The HART Foundation recently approved a standard for wireless HART, and one of the benefits for end users is the ability to “access stranded diagnostics.” If you’re like me and like the majority of end users, per recent trade press surveys, you have a significant number of intelligent devices from which diagnostics are accessible only when a handheld device is attached, if at all. Now, by installing an antenna on a HART-capable transmitter, you can view and record these on your asset management system.

It’s 2009 budget time, so if you have an initiative to use diagnostics and do more predictive maintenance, now is the time to complete a budgetary estimate. While most of the plant where I work is integrated with Foundation fieldbus, I have a not-insignificant number of 4-20 mA HART-smart devices, the majority of which are connected directly to our Triconex ESD system. I have about 100 such instruments with stranded diagnostics, and I want to start monitoring them.

This solution needs to be cheap. While the data is interesting, we thankfully haven’t been plagued by a lot of spurious instrument trips or any failures to trip due to a sick device, for which timely diagnostics might have saved the day. The only spurious trips have been due to lightning strikes, where the HART-smart temperature transmitters went dutifully to their NAMUR-standard upscale limit, while the rest of the electronics recovered from the jolt. Maybe diagnostics would have helped with the forensics in these situations to figure out how the process died, but perhaps only if the asset management system was polling the device at the time of the fault. Our HART devices have been impeccable otherwise. Most are of the same vintage as the plant, eight years and counting, so deriving a payoff will be tough.

If, on the other hand, you have a lot of control valves with HART-smart positioners, you probably can generate some better payback numbers. Users calculate this benefit by claiming that the number of control valves pulled for repair will be greatly reduced, spare parts will be reduced and plant productivity will improve. Only valves flagged for repair by diagnostics will be pulled, early warning allows for just-in-time part orders, and faulty valves are detected sooner.

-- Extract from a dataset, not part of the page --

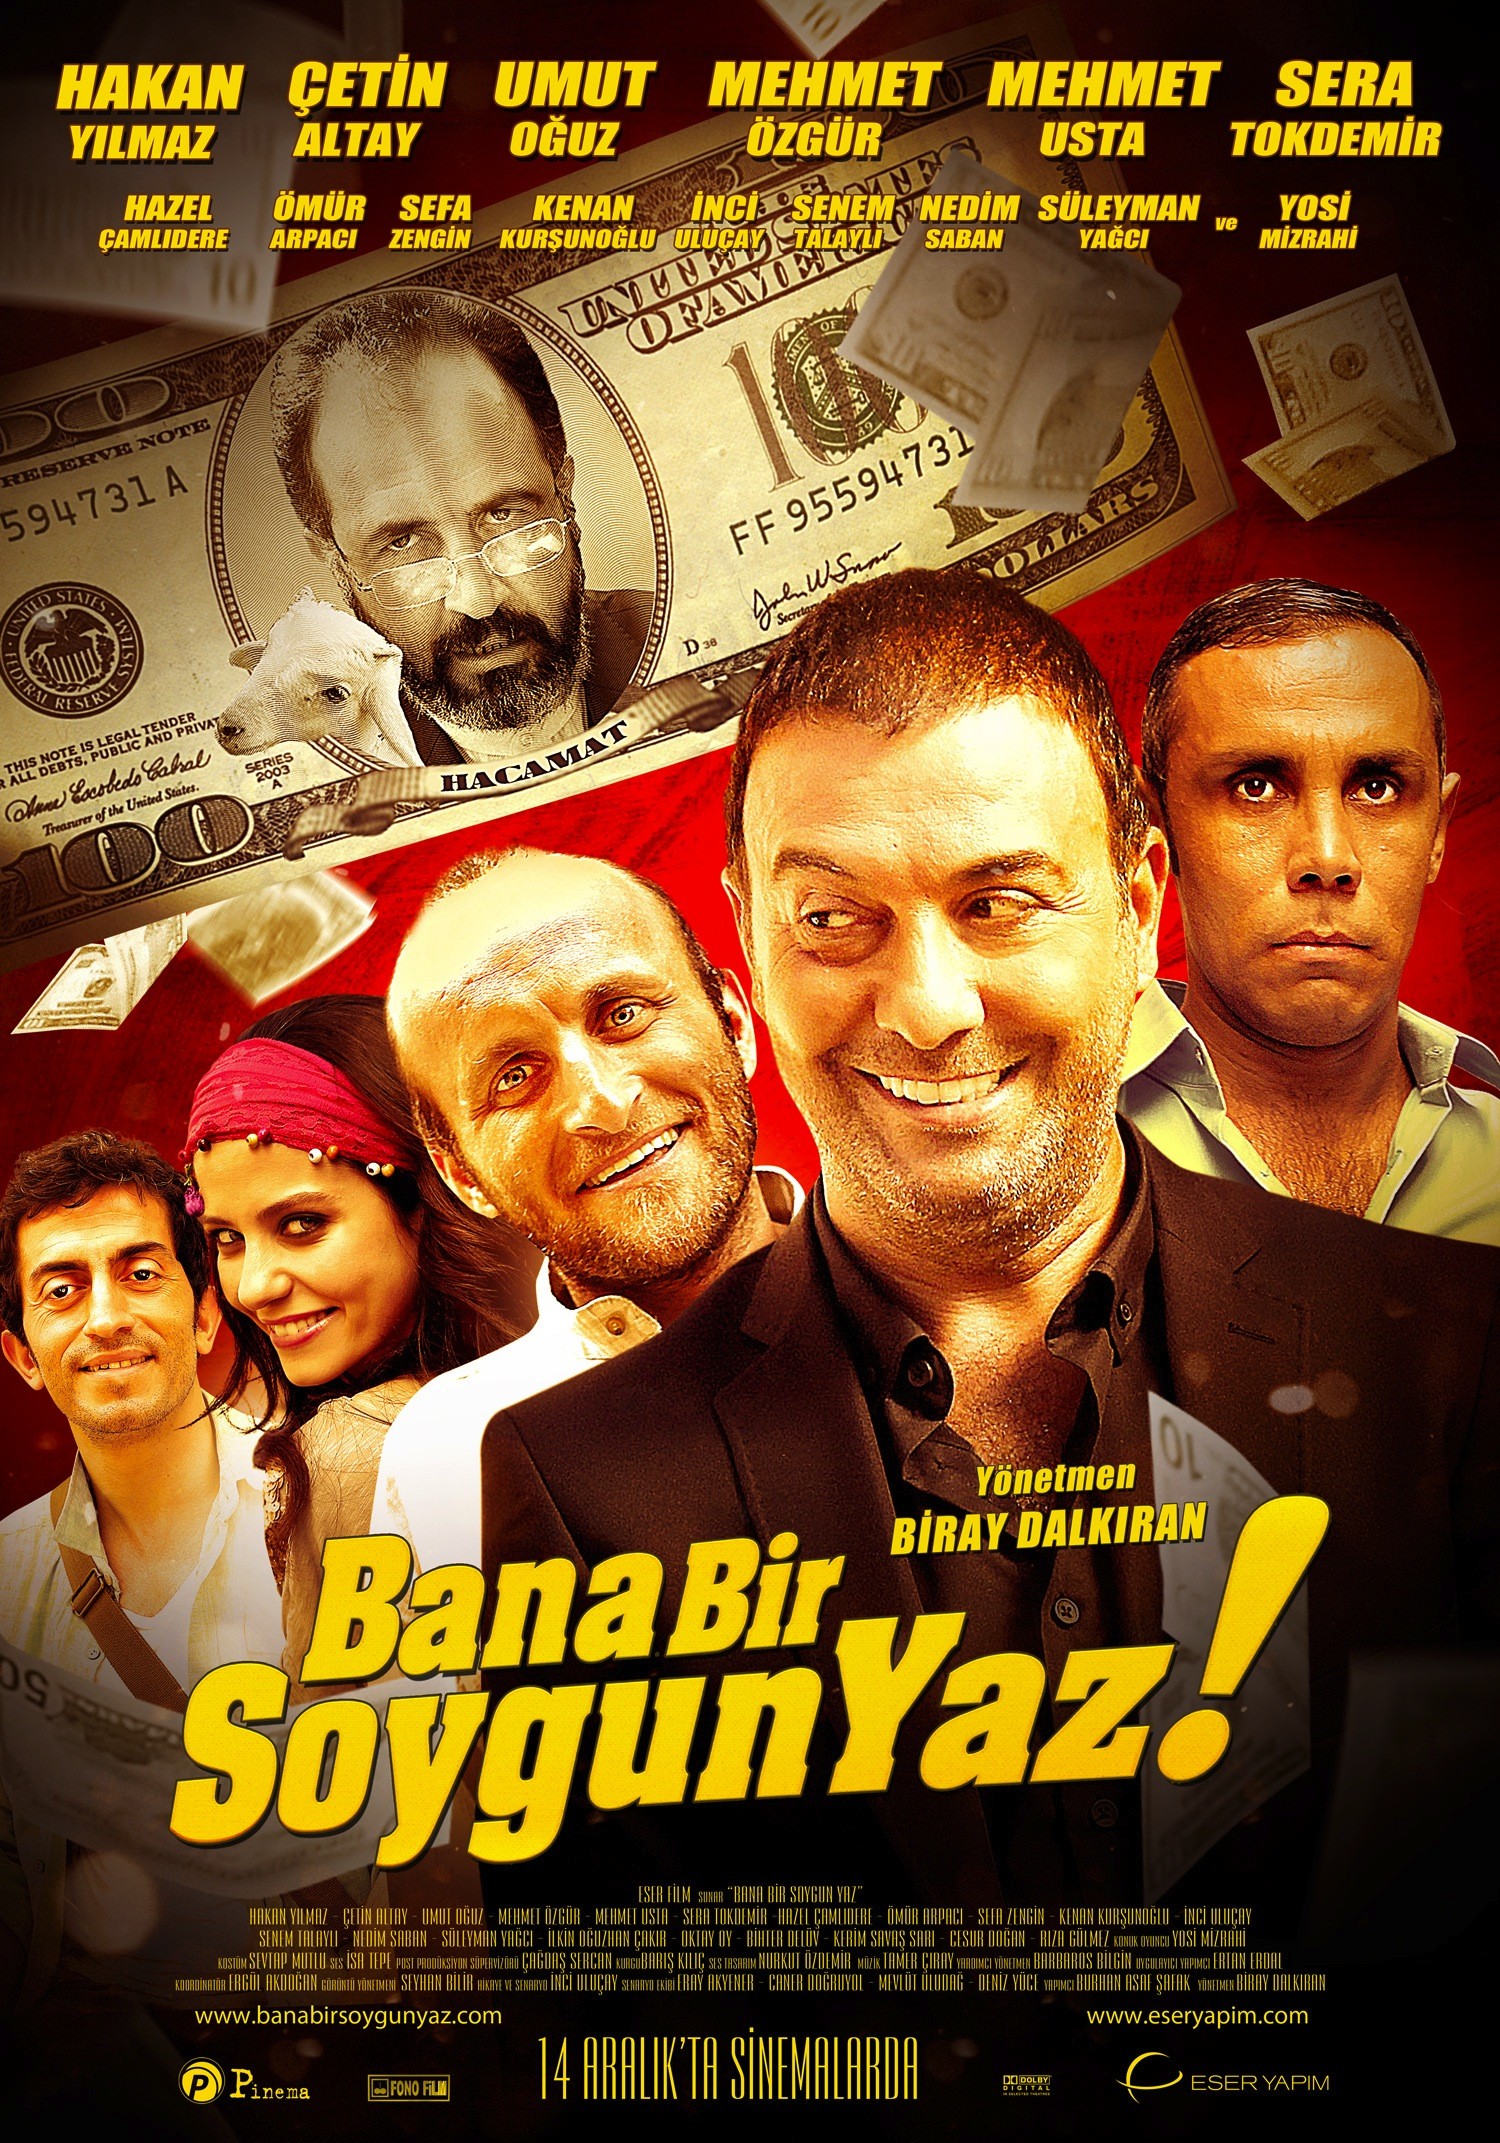 Mega Sized Movie Poster Image for Bana Bir Soygun Yaz

The installation effort consists of installing a radio-plus-antenna package in the unused conduit connection of the HART device. After obtaining the necessary permits, the installer would coordinate with operations to take the device out of service—place loop in manual or bypass the associated shutdown, open the transmitter enclosure and connect the radio/antenna wires in parallel with the signal wiring, just as one would hook up a HART-capable communicator. The protocol is designed to be plug-and-play, so the instrument will in theory start sending data to a nearby gathering point.

I’d do this about 100 times, and all my stranded diagnostics will show up in my asset management software. What, then, is the cost per point?

The radio and antenna combos look like they will be available from multiple vendors. I would caution those whose instruments are in hazardous areas to consult with the instrument OEM about adding the antenna. Some are going to show up with integral seals that preserve, for example, a NEMA 7 rating.

The other end of the pair that’s landed in the transmitter ends up in the control house. What about the old-school method for extracting HART diagnostics, the HART mux? My asset management solution provider sells a 32-point version for roughly $1,500 each. For 100 transmitters, I’d have about $6,000 invested in hardware. The installation effort would be similar: lift each pair once while co-terminating the wires leading to the mux. The risks arguably could be greater. What happens if the tech gets on the wrong wire? What if something gets shorted out? If one is nervous about such activity, it might be deferred to a shutdown.

If I add a premium of $40 per pair for wire and incidentals, will a wireless solution be able to compete at $100 per device? Having a wireless infrastructure in place to support future “pure wireless” devices can be claimed as another benefit that won’t be there for the old-school practitioners. But if you budget for a wireless solution, it appears you will have plenty of money to get it done the old way.

John Rezabek is a process control specialist at ISP in Lima, Ohio.